Does the psychopath define me or do I define myself? I’ve talked about re-defining myself, creating a new persona and re-building my life. Thinking about the last few years and how far I’ve come through my own abyss, I’ve come to realize that altho some may believe that when a person comes into contact with a psychopath, that person defines the future of them, I do believe that only a person themselves are responsible for what occurs in their life.
Many people sit in their chairs and blame their parents/caregivers for who they are today. They take issue for the way they were raised, the abuses they may have incurred and how they were held back in their childhoods.
I recently read a review on a perfume from a woman where she stated that her mother always spent money on herself and never on her children, so as a child, this woman loved spending overnights at other children’s homes so that her own laundry would smell “fresh and clean” with laundry sheets. The perfume she was reviewing reminded her of that smell and she was delighted to own it because of the memory of going to others’ homes.

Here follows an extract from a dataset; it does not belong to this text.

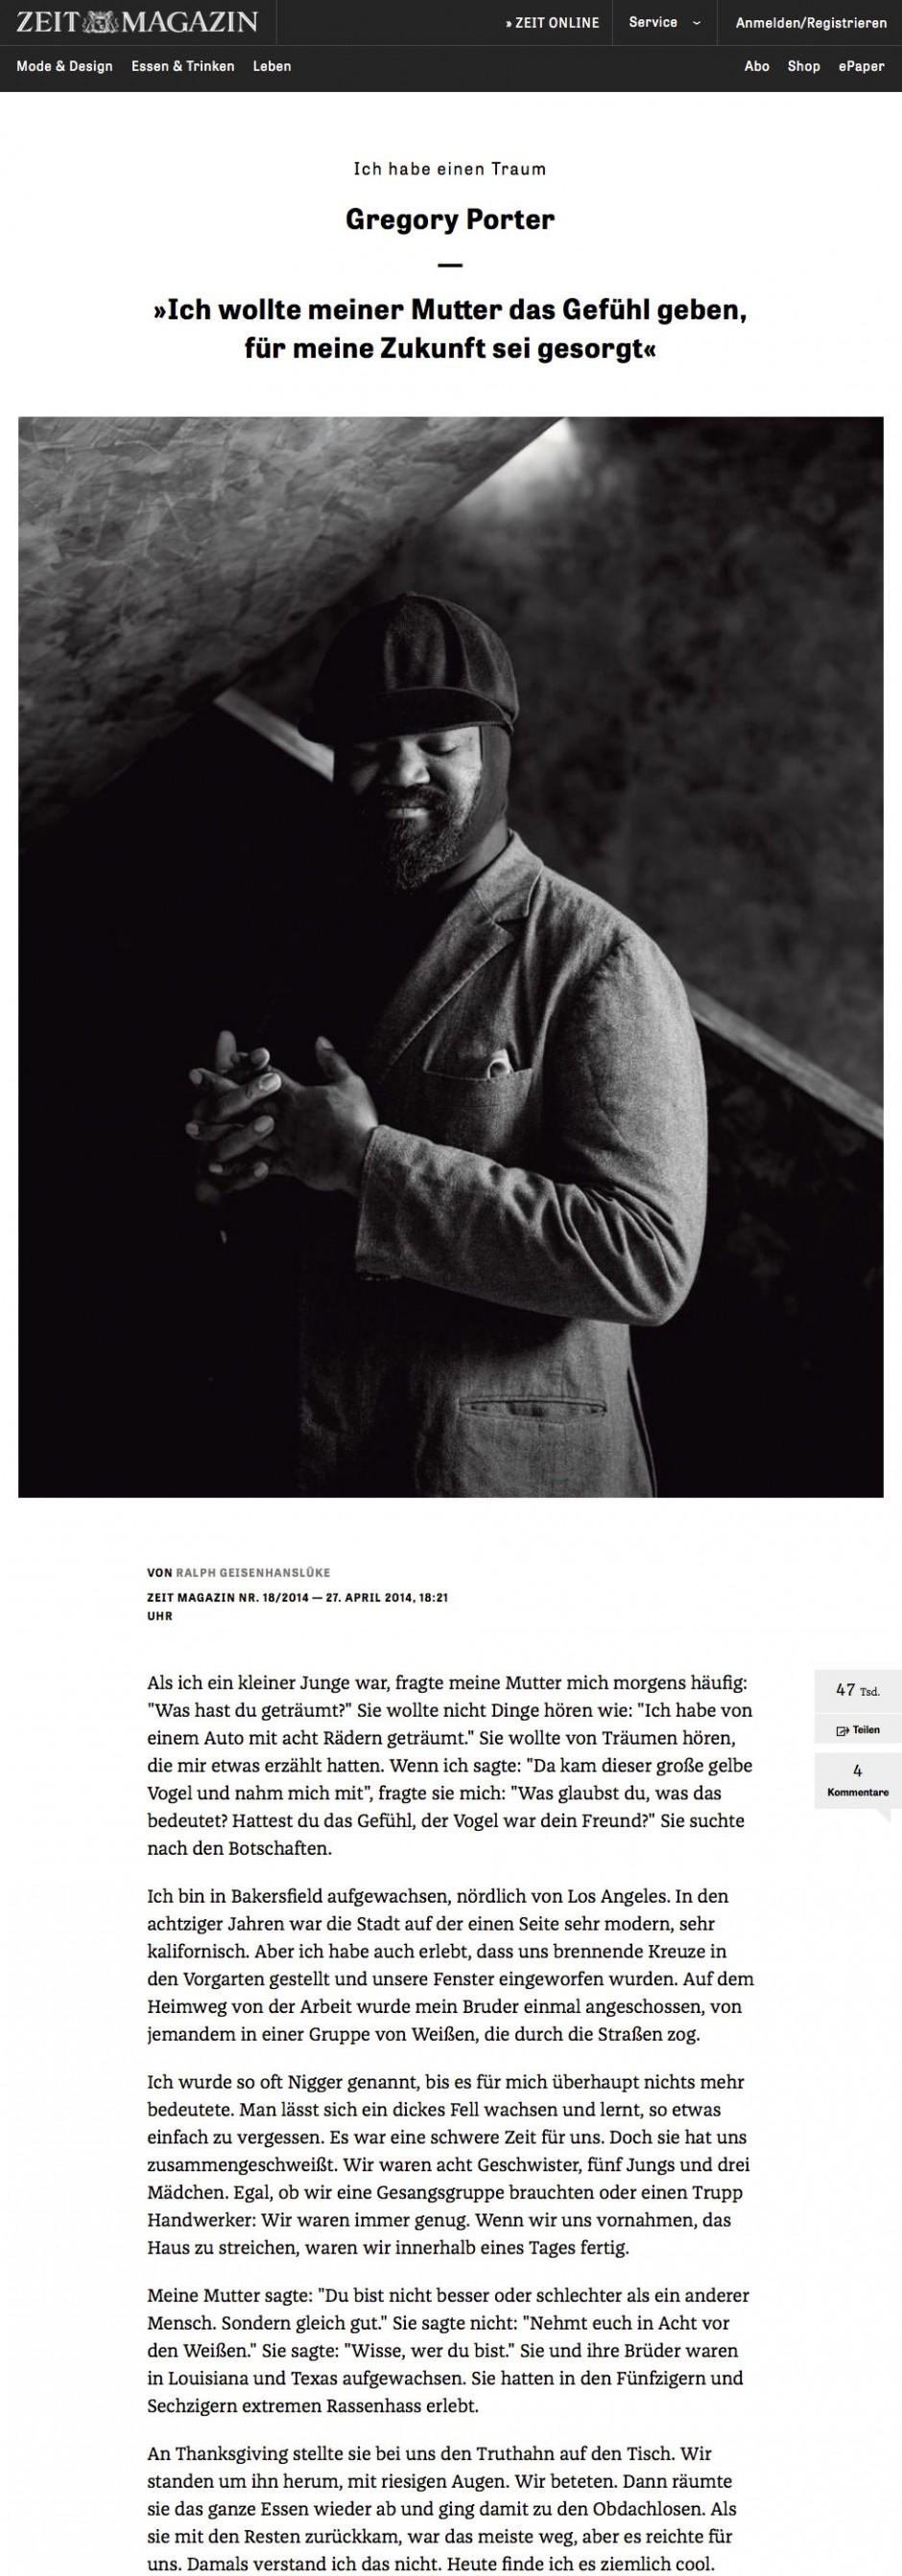 SZ_140508_Zeit_Online_Relaunch_Artikel-Traum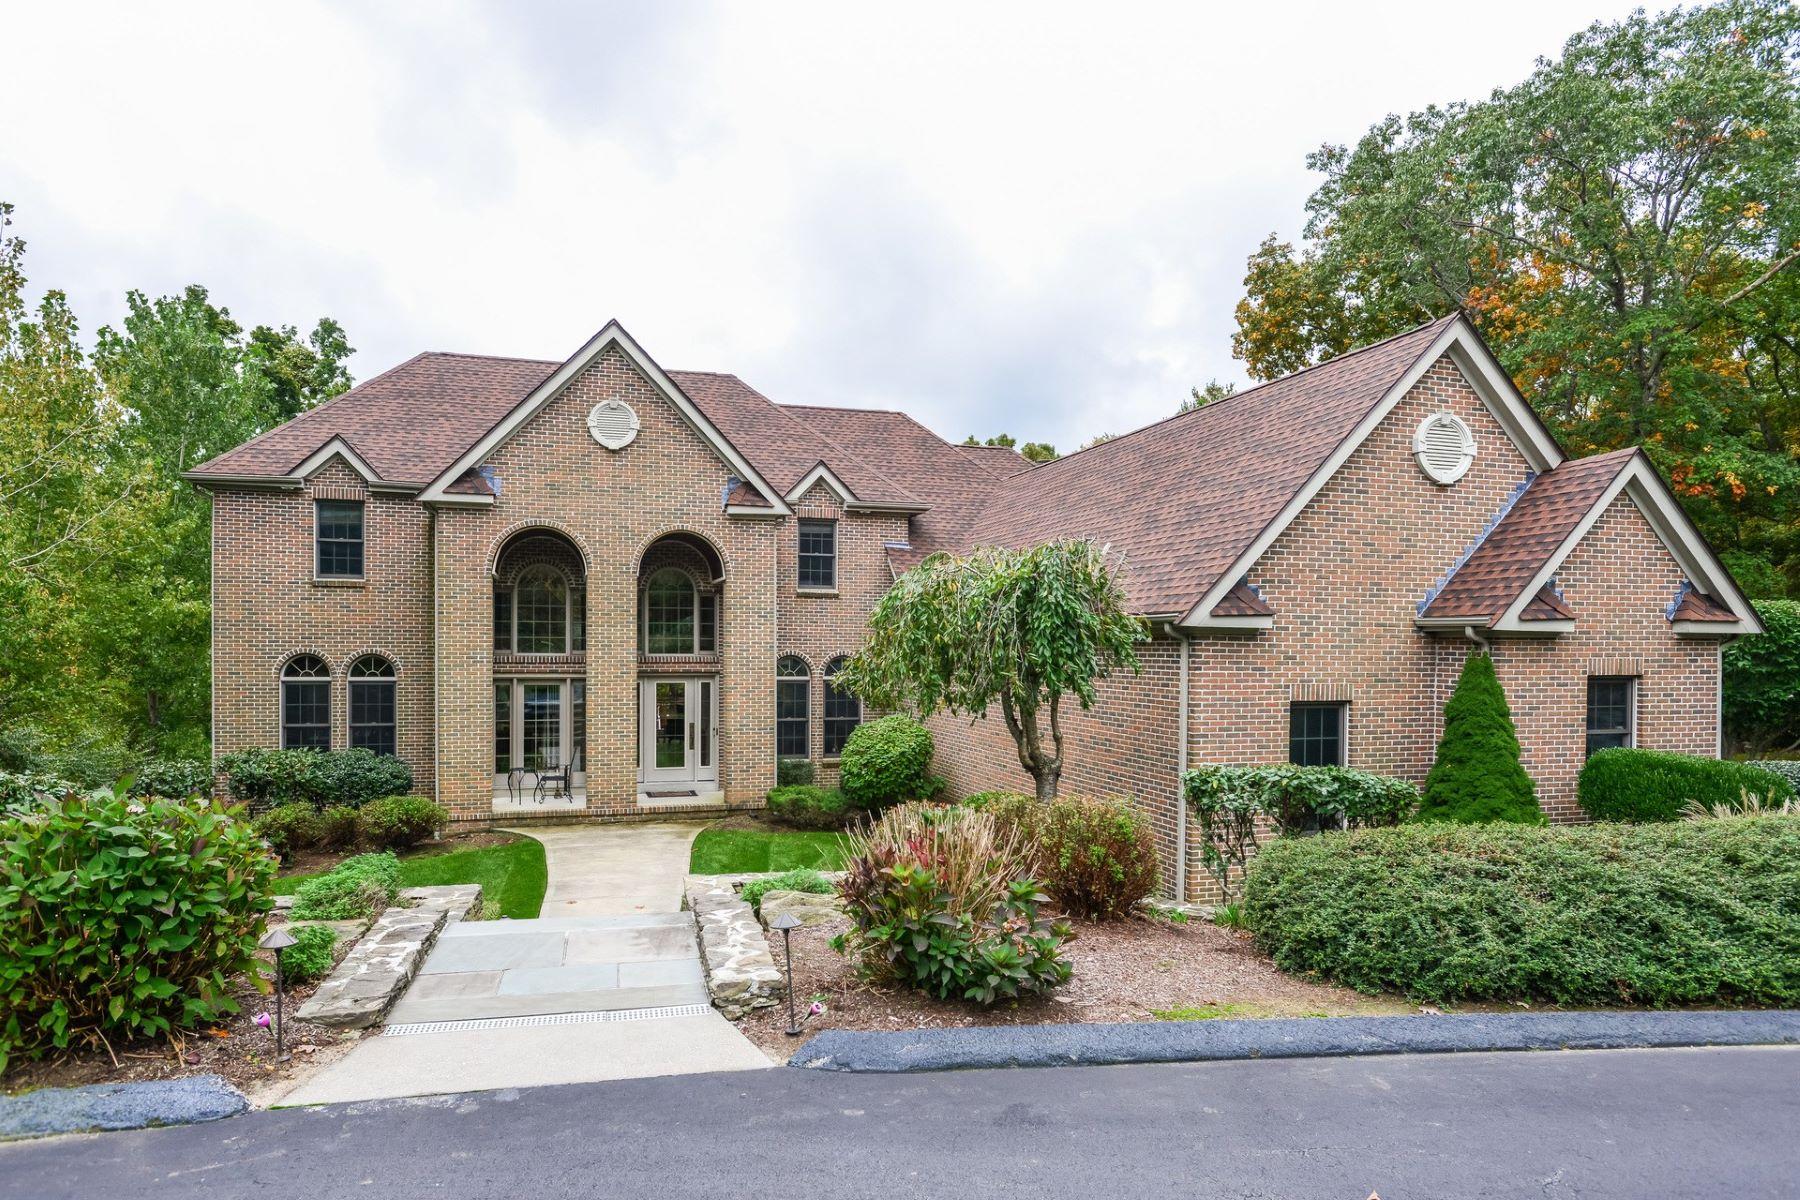 Μονοκατοικία για την Πώληση στο 77 Iroquois Trl, Glocester, RI Glocester, Ροουντ Αϊλαντ 02857 Ηνωμένες Πολιτείες

Somehow, it bothered me that the reviewer had to include her mother in the review. Maybe her mother was allergic to laundry sheets. Maybe her mother couldn’t stand the scent. Personally, I never used laundry sheets in the dryer because I couldn’t stand the scent it left on clothing. And I didn’t like the chemicals. But the point is, why blame someone else for something totally irrelevant? Just go forward. Buy the perfume, but don’t blame your mother for buying it. There may be other issues in your life concerning your parent, dig deeper and grow.
I never want other Survivors to just wallow in self-pity and blame others for what happened to them for their current situation. What happened to them is horrible. What happened to them is not their fault. What happened to them wreaked havoc on their memories and will continue to do so forever. But it does not define them unless they allow it to.
Here’s the catch that some Survivors might believe keeps them in a vicious cycle. When you meet someone new in your life, generally you want to trust that person. You begin talking with them, they share insights about their past and hopefully, you’d like to share insights about your past, too. So you start to talk about some things, carefully leaving out the bad stuff. But, eventually, you know you have to talk about it.
And when that time comes, you have a 50-50 chance of the other person’s reaction. Honestly, it’s probably an 80-20 chance. So you tell them some horrific stories, they’re amazed/horrified/don’t know whether to pity you/act sympathetic/walk away. Now they’re the one walking on those eggshells. Not that you wanted them to, but you had to tell them at some point. Because if you didn’t, then you just might be accused of holding back on them. It’s a vicious cycle.
I’ve never kept anything back from anyone. If I meet someone who seems worthwhile, I gradually tell them my story. If they can’t take it, that’s on them.
I’ve learned that in re-defining myself, I am who I am. I am not going to change myself. I have a past that’s not so neat and tidy. It doesn’t have a white picket fence. It’s scary to some. If they’re frightened by it, they shouldn’t let the door hit them on they’re way out.
Because if anyone should be frightened, that person should be me, not them. That’s the amusing part to me. When I am asked if the psychopath could hurt them, I could scream. If that’s their first question after I explain it all, instead of their asking if I am still at risk, then I know they are a weak person who looks out for themselves first.
And this is how I am re-defining myself. I am strong. I am not vulnerable. I can take care of myself. I watch how people react. This is me and frankly, if you don’t like it, I’m not going to change for you. I’ve lost too much in my past and I’m not going to lose any more.
I realize what issues I have and what events in my past cause me to behave the way I do. That’s my current choice because it’s my personal way of dealing with life. If anyone has any questions, all they have to do is ask. No one is perfect, I certainly am not. But I sure as hell will never change for anyone. Today and each day forward is my defining moment.